> Your assignment:
Only the pictures are to be dropped; return all other data below exactly.

> Given information:
▬▬▬
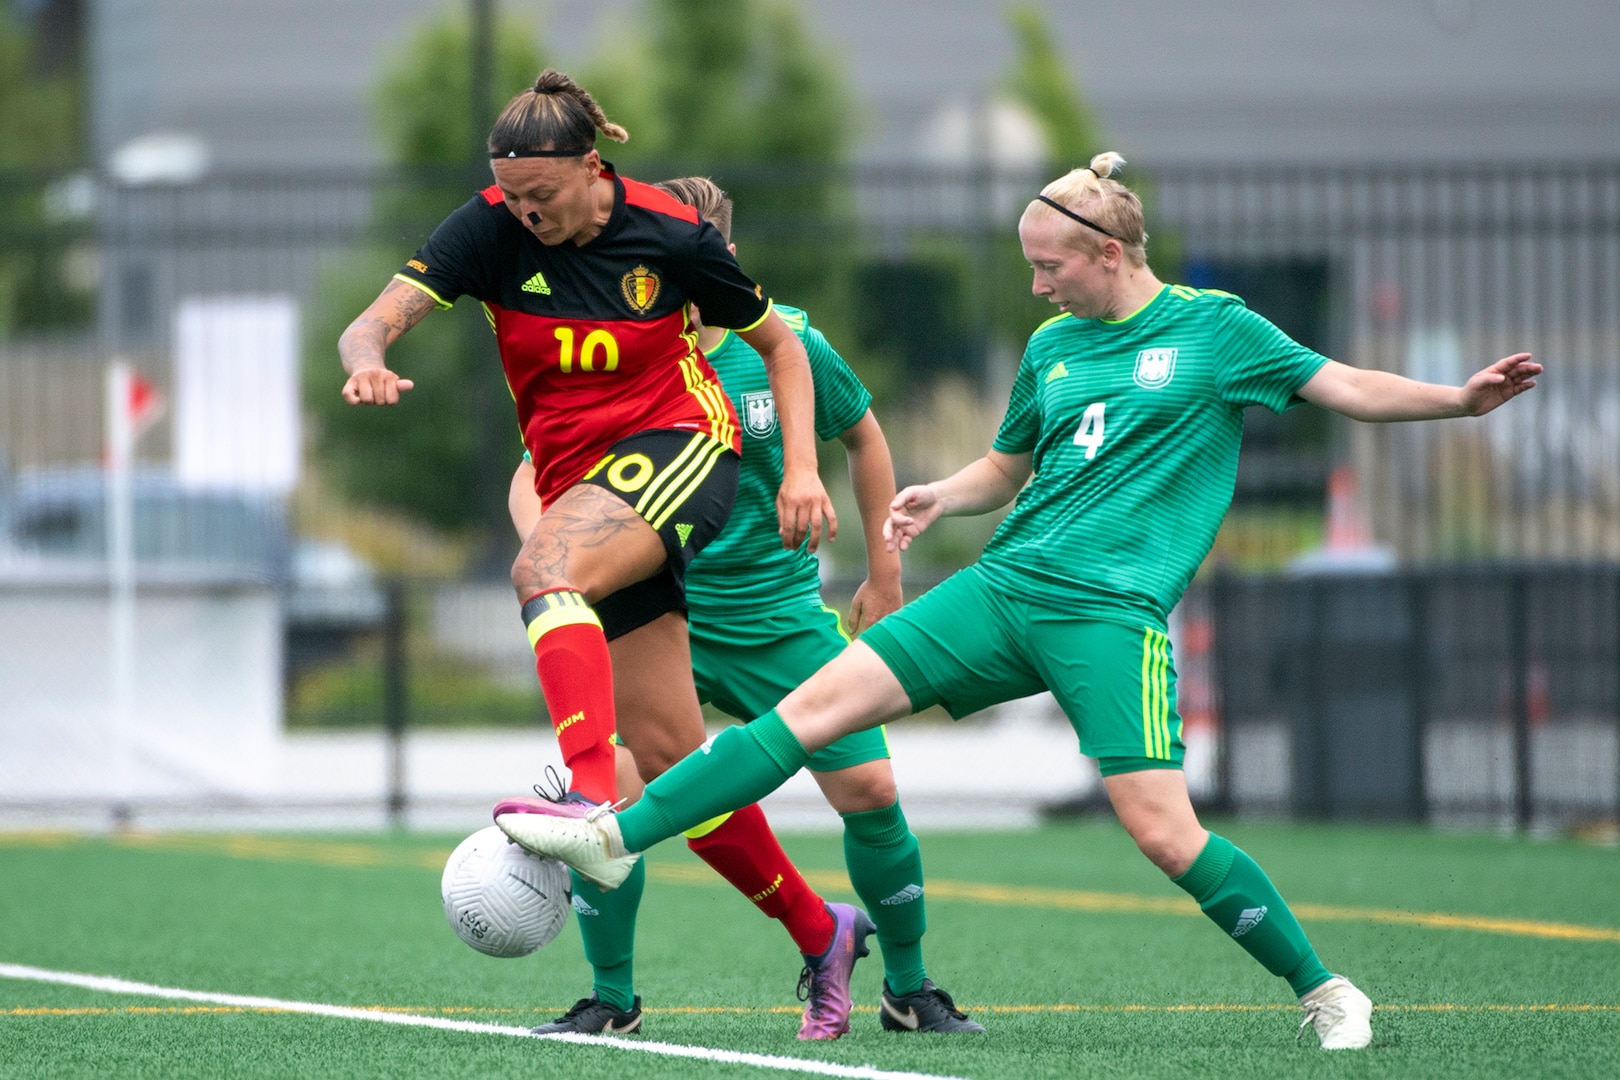 Germany’s Alexandra De Lucia, right, battles for a ball with Belgium’s Delphine Fraipont during the 13th CISM (International Military Sports Council) World Military Women’s Football Championship in Meade, Washington July 13, 2022. (DoD photo by EJ Hersom)
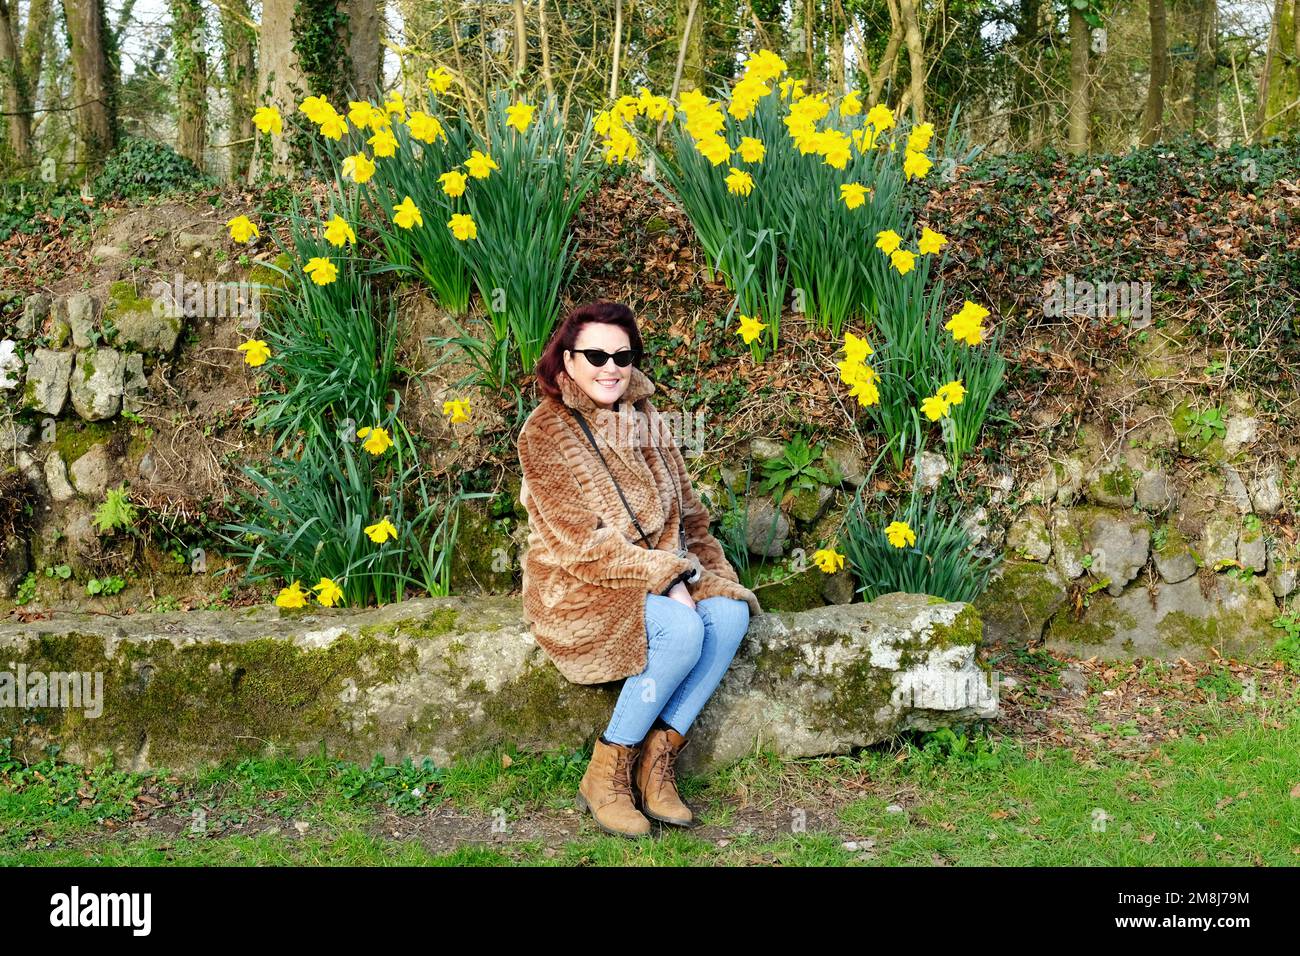 Attractive mature woman seated in front of flowering daffodils - John Gollop Stock Photo
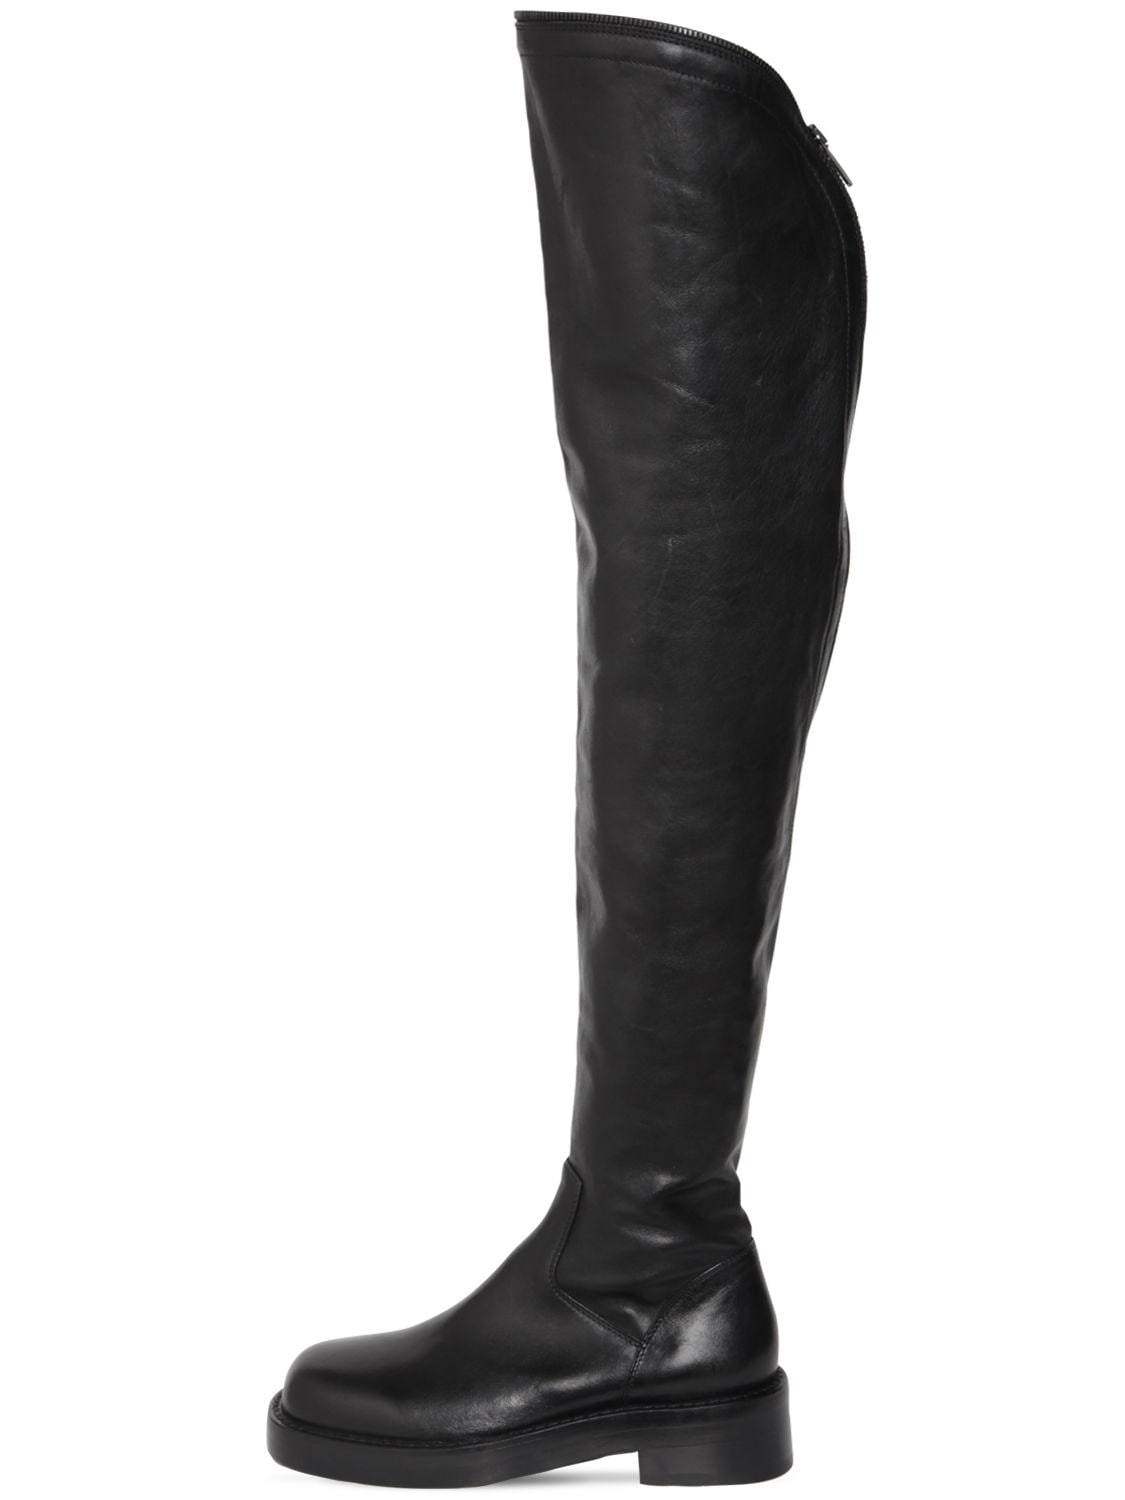 ANN DEMEULEMEESTER 25MM NICKY LEATHER OVER-THE-KNEE BOOTS,74I02U005-MDK50
▬▬▬
> Task answer:
 Germany’s Alexandra De Lucia, right, battles for a ball with Belgium’s Delphine Fraipont during the 13th CISM (International Military Sports Council) World Military Women’s Football Championship in Meade, Washington July 13, 2022. (DoD photo by EJ Hersom)
 Attractive mature woman seated in front of flowering daffodils - John Gollop Stock Photo
 ANN DEMEULEMEESTER 25MM NICKY LEATHER OVER-THE-KNEE BOOTS,74I02U005-MDK50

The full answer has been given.